Un Quentin Durward, de Gevaert, parut encore douze ans plus tard, sur la scène de l’Opéra-Comique, où l’immortelle Dame blanche devait, en 1862, fêter sa millième représentation. Moins heureuse fut la Jolie Fille de Perth, de Bizet, qui créée sur la scène du Théâtre Lyrique, le 26 décembre 1869, n’atteignit, comme ses Pêcheurs de Perles, que la dix-huitième. 
À cette époque de la fin du second Empire, d’autres modes avaient chassé la mode calédonienne. On recherchait déjà un exotisme plus lointain. À l’énumération des titres qui viennent d’être cités, il faudrait ajouter un nombre à peu près incalculable d’œuvres musicales de tout genre, allant de la romance jusqu’au grand opéra et qui prirent pour sujet, soit d’après Walter Scott, soit d’après Schiller, l’attachante figure de l’infortunée reine d’Ecosse, Marie Stuart. Dès 1813, à la Pergola de Florence, on cite une Maria Stuarda de Coccia ; Mercadante en donna une autre à Bologne en 1821, Donizetti de même en 1834, à Naples. En France, sur des paroles de Planard, l’Opéra-Comique représenta une Marie Stuart en Écosse, dont le compositeur n’était autre que le célèbre musicologue Fétis. Théodore Anne, en 1844, fournit à Niedermeyer une Marie Stuart qui ne dépassa pas deux douzaines de représentations à l’Opéra (6 décembre 1844). Sept ans auparavant, le jeune Gounod avait remporté le second prix de Rome (l’heureux premier lauréat était Besozzi) avec une Marie Stuart et Rezzio. Et vers le même temps, Richard Wagner, pendant son premier séjour à Paris mettait en musique les Adieux de la reine d’Ecosse, que tout le monde savait par cœur (1840). 
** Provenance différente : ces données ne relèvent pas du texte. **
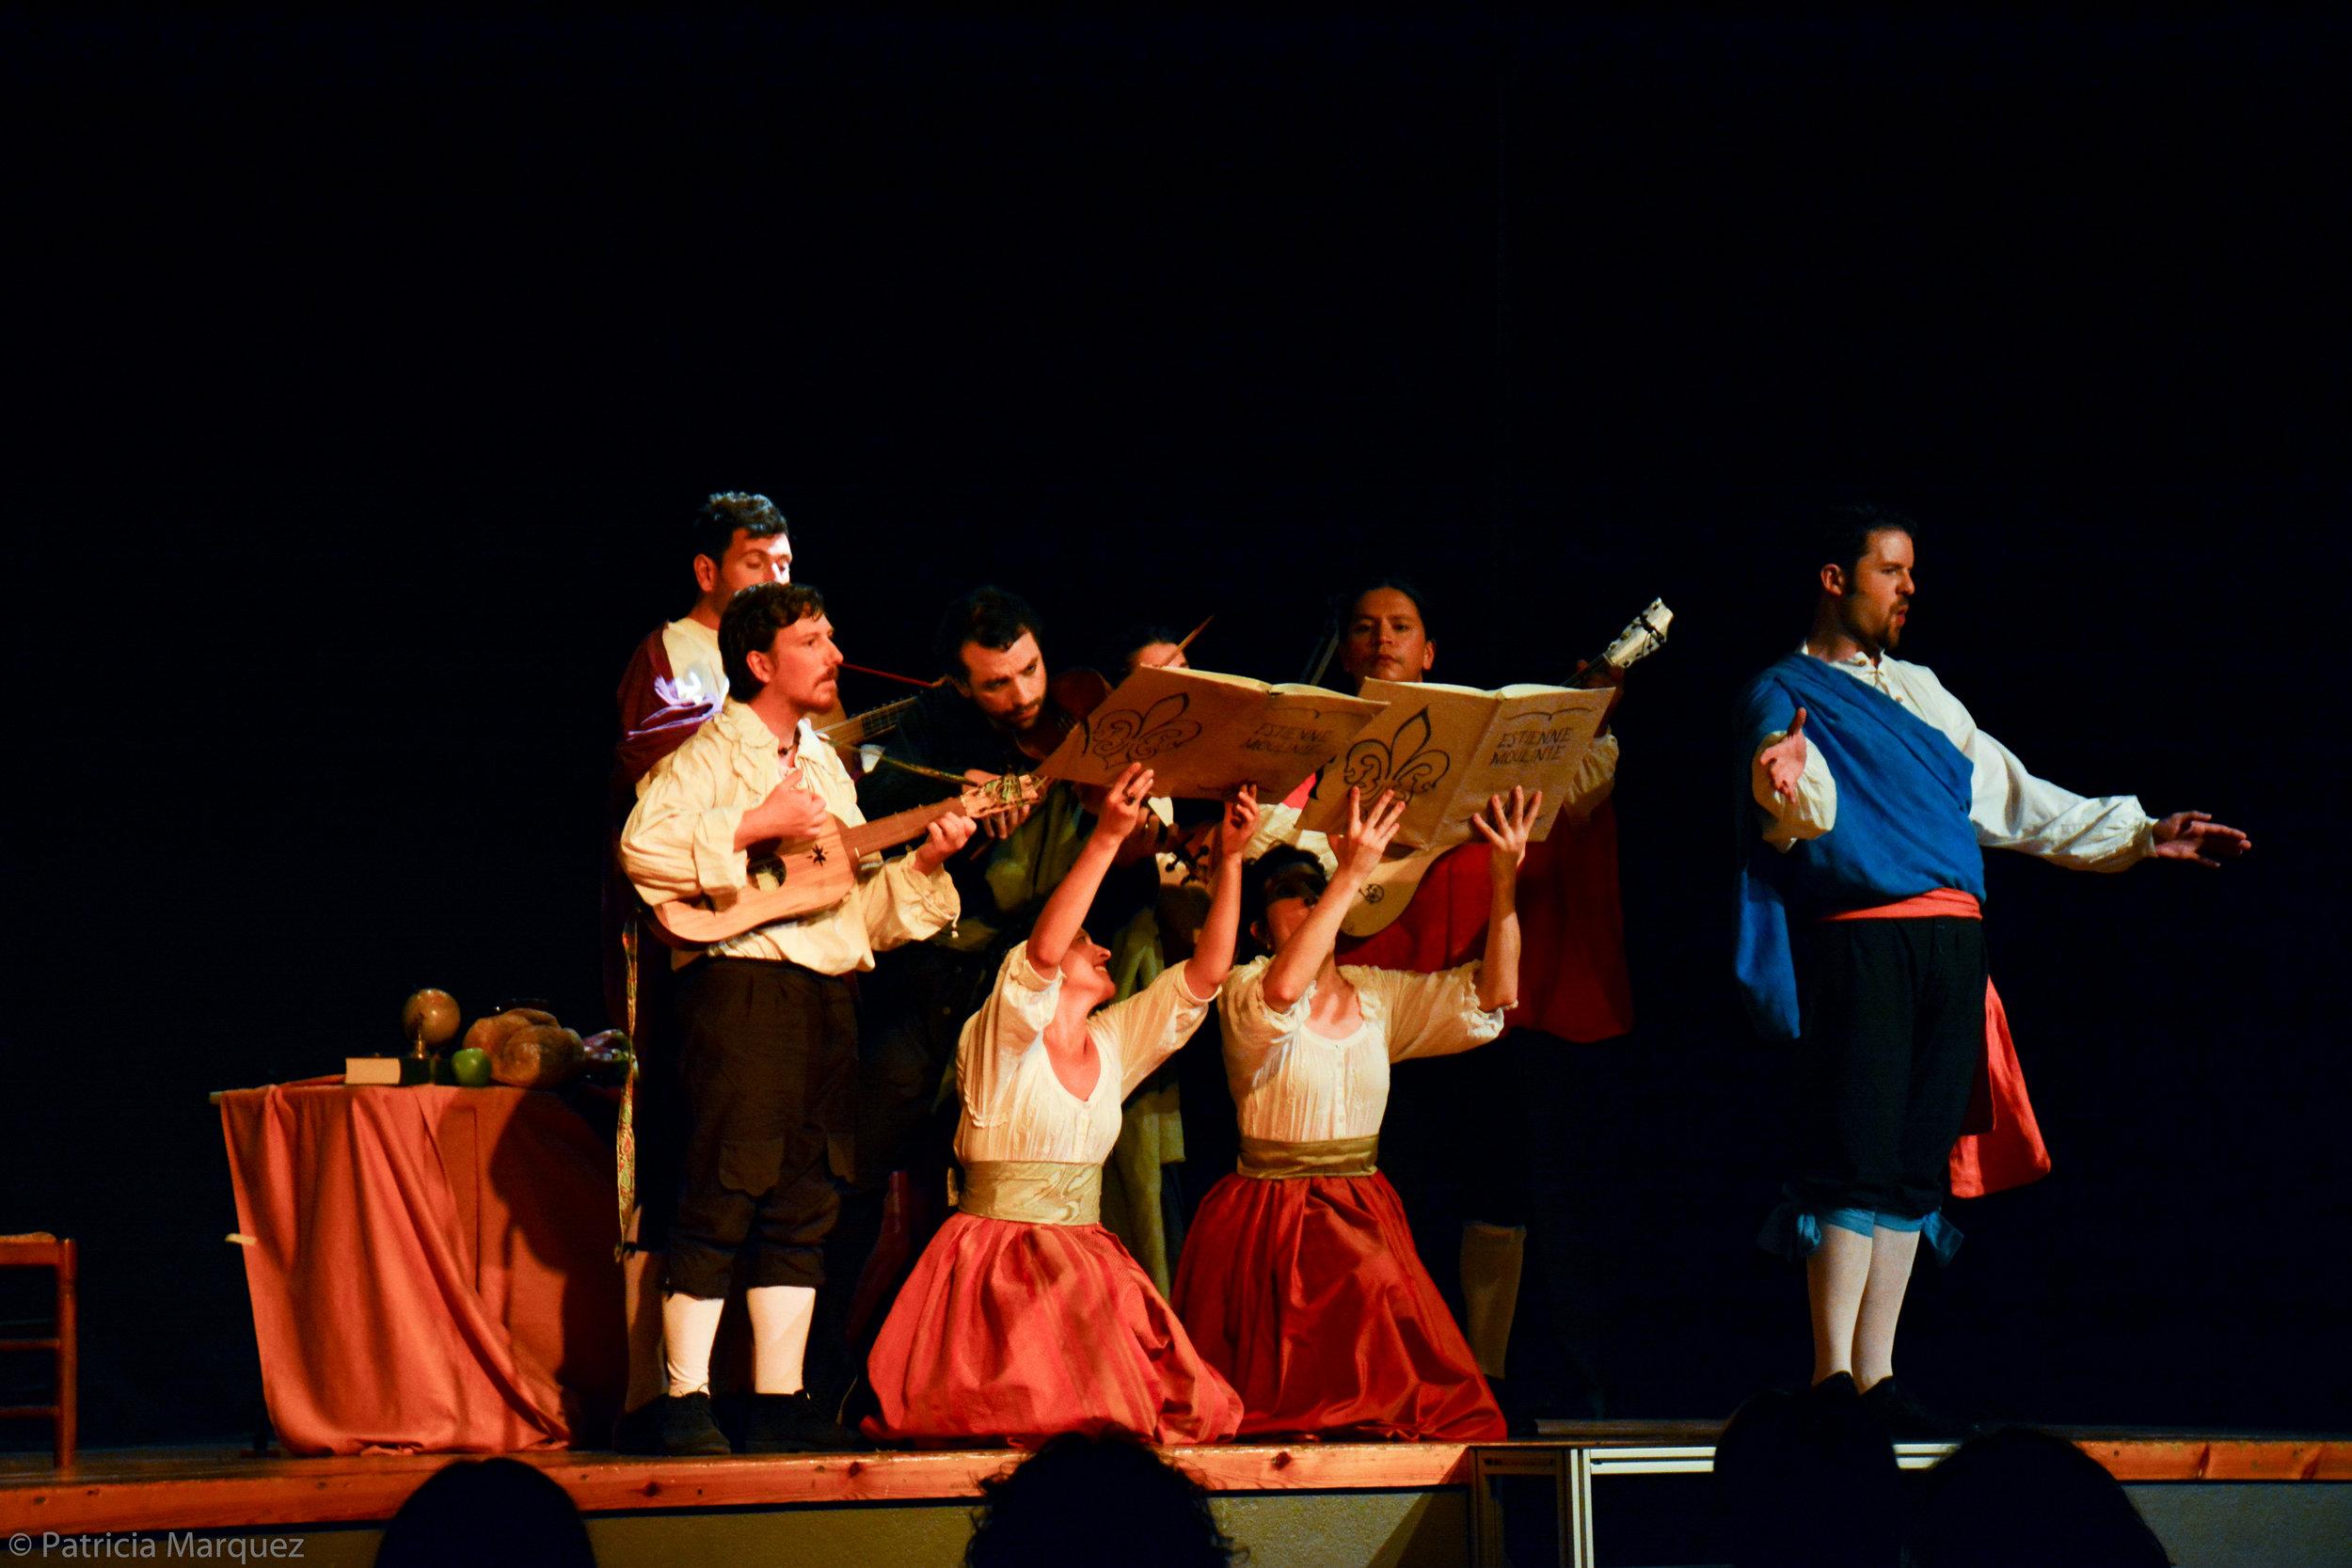 """As """"Don Luis"""" in the piece """"¡Todos se burlan de mí!"""" with Anaïs Oliveras (as Claraniña) and the ensemble La Sonorosa · Festival de Música Antiga dels Pirineus, Aviá, 2017 © Patricia Márquez"""
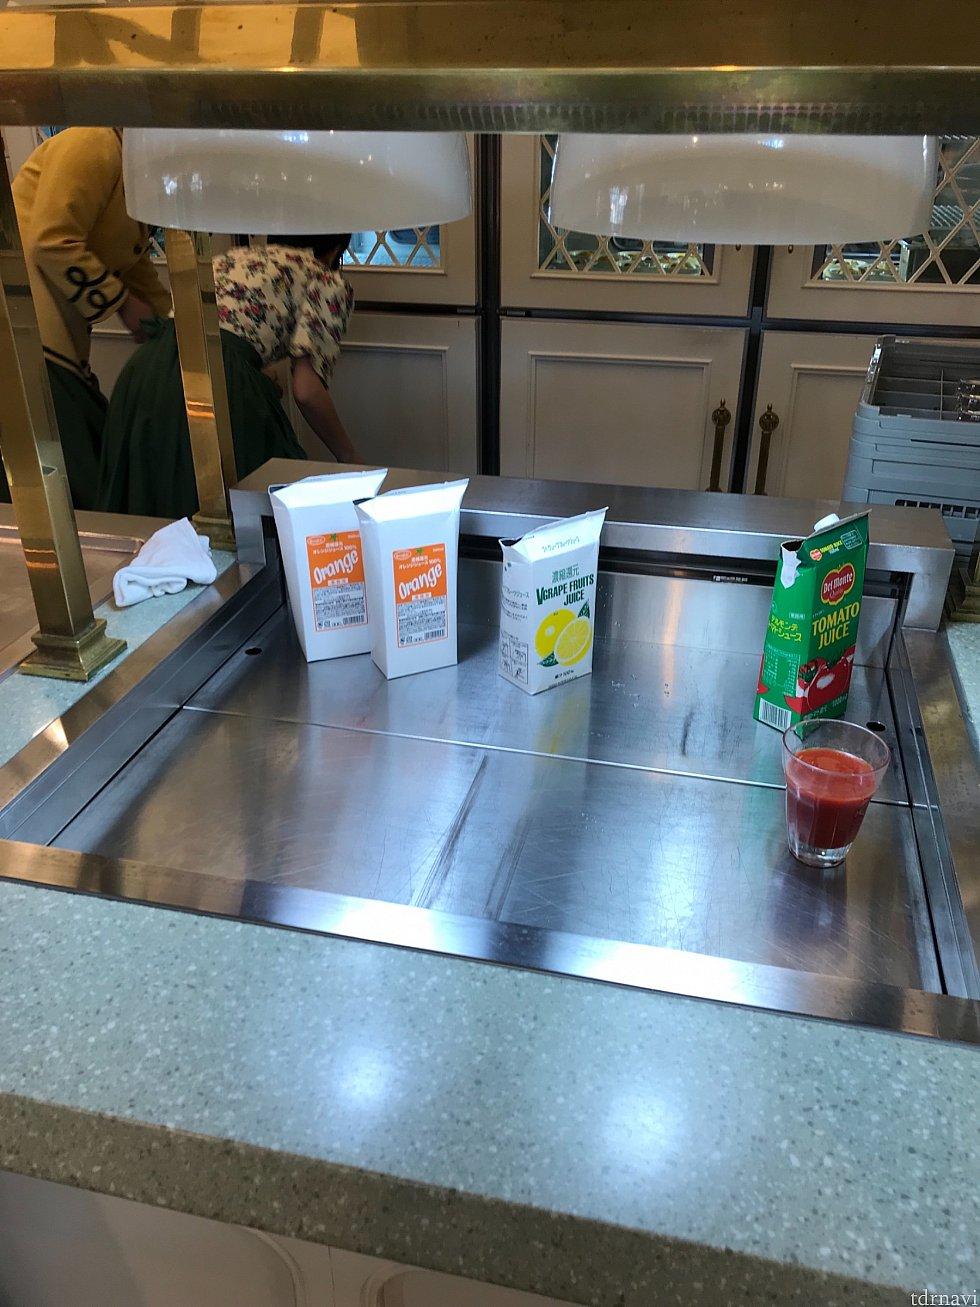 飲み物はオレンジジュース、グレープフルーツジュース、牛乳、トマトジュースから選びます💡別途、コーヒーか紅茶が飲み放題です😆

En dehors du domaine dramatique, l’Écosse et son grand écrivain se retrouvent chez presque tous les musiciens d’il y a un siècle. Il suffira de citer, pour terminer, Beethoven et Schubert parmi les plus illustres, Schubert dont le célèbre Ave Maria fait partie du cycle de la Dame du Lac. Depuis lors, dramaturges, librettistes et musiciens ont cherché d’autres sources d’inspiration, à travers le vaste monde. Ils en ont rarement trouvé d’aussi poétique et plus propre à la musique. Aussi avons-nous voulu, à l’occasion du centenaire de la mort de Walter Scott, rappeler le souvenir de son œuvre immense, aujourd’hui assez négligée, mais qui eut sur l’art et la littérature de toute l’Europe, et particulièrement en France, une influence considérable, soit directement, soit par les conséquences de la véritable révolution qu’il y provoqua. J. G. Prod’homme.
(1) Sur l’influence considérable de Walter Scott en France, on lira avec grand profit la thèse de M. Maigron (Paris, 1898) : Le roman historique à l'époque romantique : essai sur l'influence de Walter Scott (Nouv. éd.) / par Louis Maigron (en lecture gratuite sur le site Gallica de la BnF).